Insurers are, in effect, the default funder of advice – allowing consumers to pay off the cost of their advice over time. The terms are very generous, compared to consumer credit. Of course, there are ways that this can be managed if commissions change – but it will have an impact on advice provision, and it isn’t all going to be good.
More compelling on the commission issues was the chart of the cost as a proportion of premium. Some consumers, with poor advisers, may be getting not much for that money. Because that money is paid to the insurer, who pays it on to the adviser, it is reasonable to ask what they are doing to ensure some value is being received for it.
But the issue of legacy products is very, very, complicated. Again, from a consumer perspective, if I have an old mobile phone plan, and a new one is being offered which is better and cheaper, I am justifiably unhappy about being left on the old one…
…but insurance is different to mobile phones. Risk pools exist, and the effect of the move may not just be felt on my plan alone – but also on the premium rates of others that are in the risk pool. Nevertheless, the concept of monitoring product suitability throughout life is an important one which insurers must address. It’s one of the most valuable parts of the report. It even has application wider than ‘just’ financial services. It should be applied to lots of modern services from gym memberships to internet access. The world over, complex subscription products are being designed without enough thought for consumers that can struggle to assess their value. I note that the Ministry of Business Innovation and Employment is consulting on unfair practices right now. While journalists are right to ask insurers why they haven’t dealt with these issues sooner, and call it complacency, we aren’t exactly alone in being where we are, right now.
I also want to comment on the FSC response to the report.
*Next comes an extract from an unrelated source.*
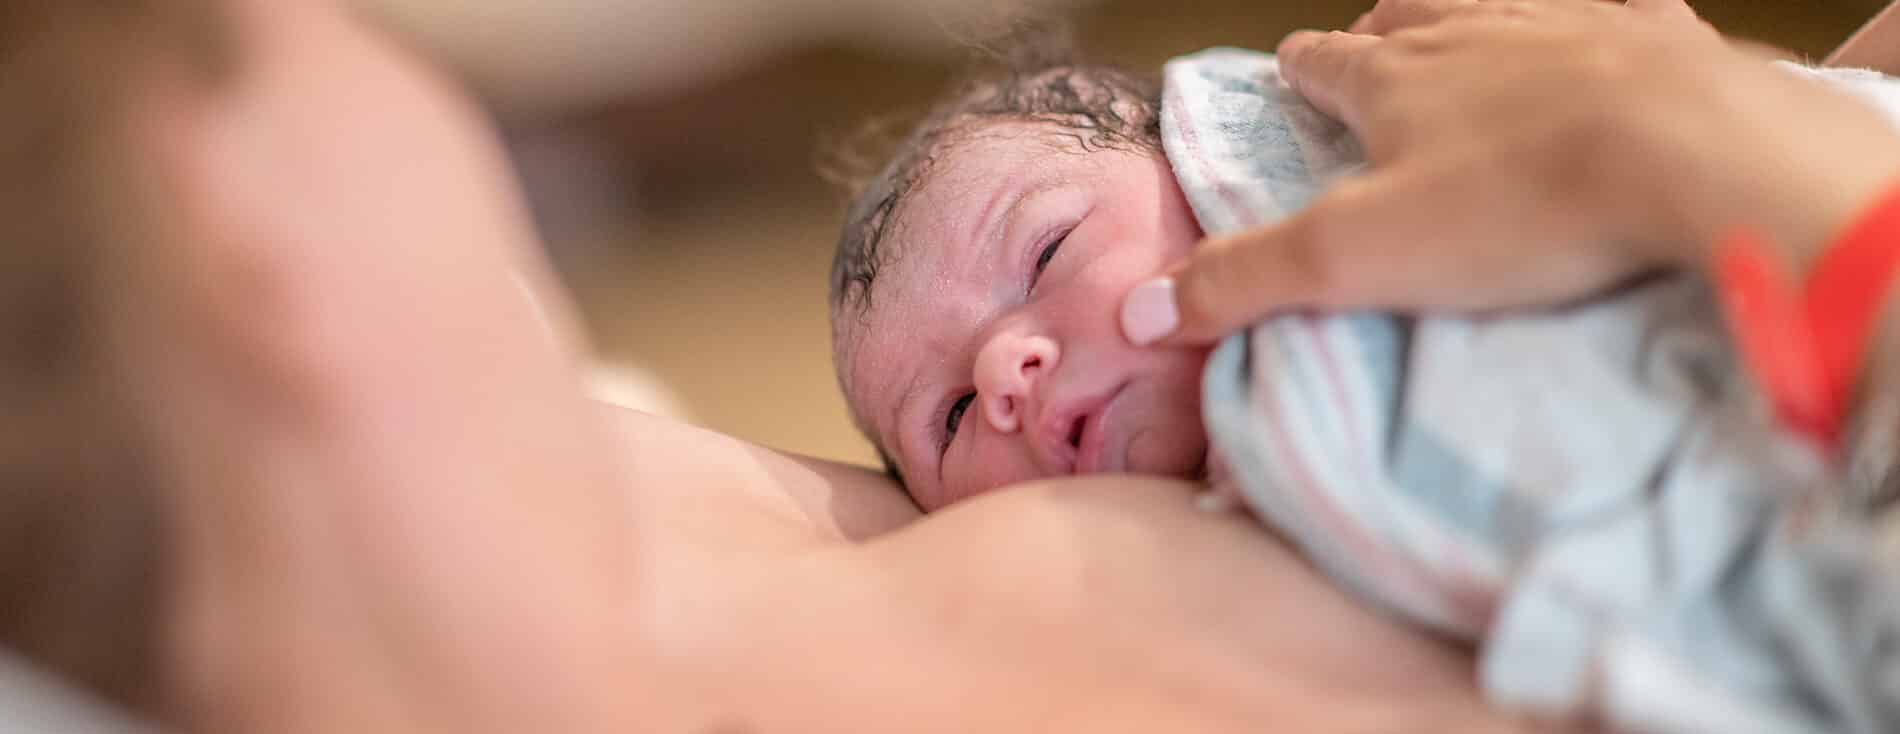 Imagem de um bebê recém-nascido na golden hour. Ele está sobre o peito da mãe, em contato pele a pele. Ambos estão se olhando. O bebê tem a pele clara e o cabelo escuro.

Some unkind comments were made about Richard Klipin’s handling of the questions asked by journalists recently – check the comments log on many of the stories. It’s not fair. The FSC has done an enormous amount of work on these issues, and their role is very valuable.
Commission is one issue where the Financial Services Council has tried to work in the past. It gets flack for not having “fixed” this before, but competitors acting to fix a price (the commission paid to advisers) would be a breach of competition law. We must all take care to avoid such behaviour.
The second point the FSC likes to make is that it has worked on the FSC Code for two years, which was then launched in September last year. Although its effects have not been fully realised it is an important piece of collective action – and, crucially, does not breach competition law. What it enables is insurers to take important steps to invest and develop services without worrying too much that someone will breach the rules and undercut them.
Having said that, there are wider issues for corporate conduct, and consumers and the Minister, should consider them as a whole. Whether the contracts are complex consumer credit, gym memberships, mobile-phone plans, or the terms and conditions for a social media giant based in the USA… they have certain features in common that make them prone to the kinds of conduct issues we have seen identified by the FMA. In what environment is poor conduct more likely? When several of these factors combine:
- Complex services
- ‘Set-and-forget’ services
- Information asymmetry
- Subscription or regular payments
- Hard to compare features
- Distant call-centre sales process / faceless bureaucracy
- Reduced competition
I see and hear a great deal of willingness to address them from the insurance sector.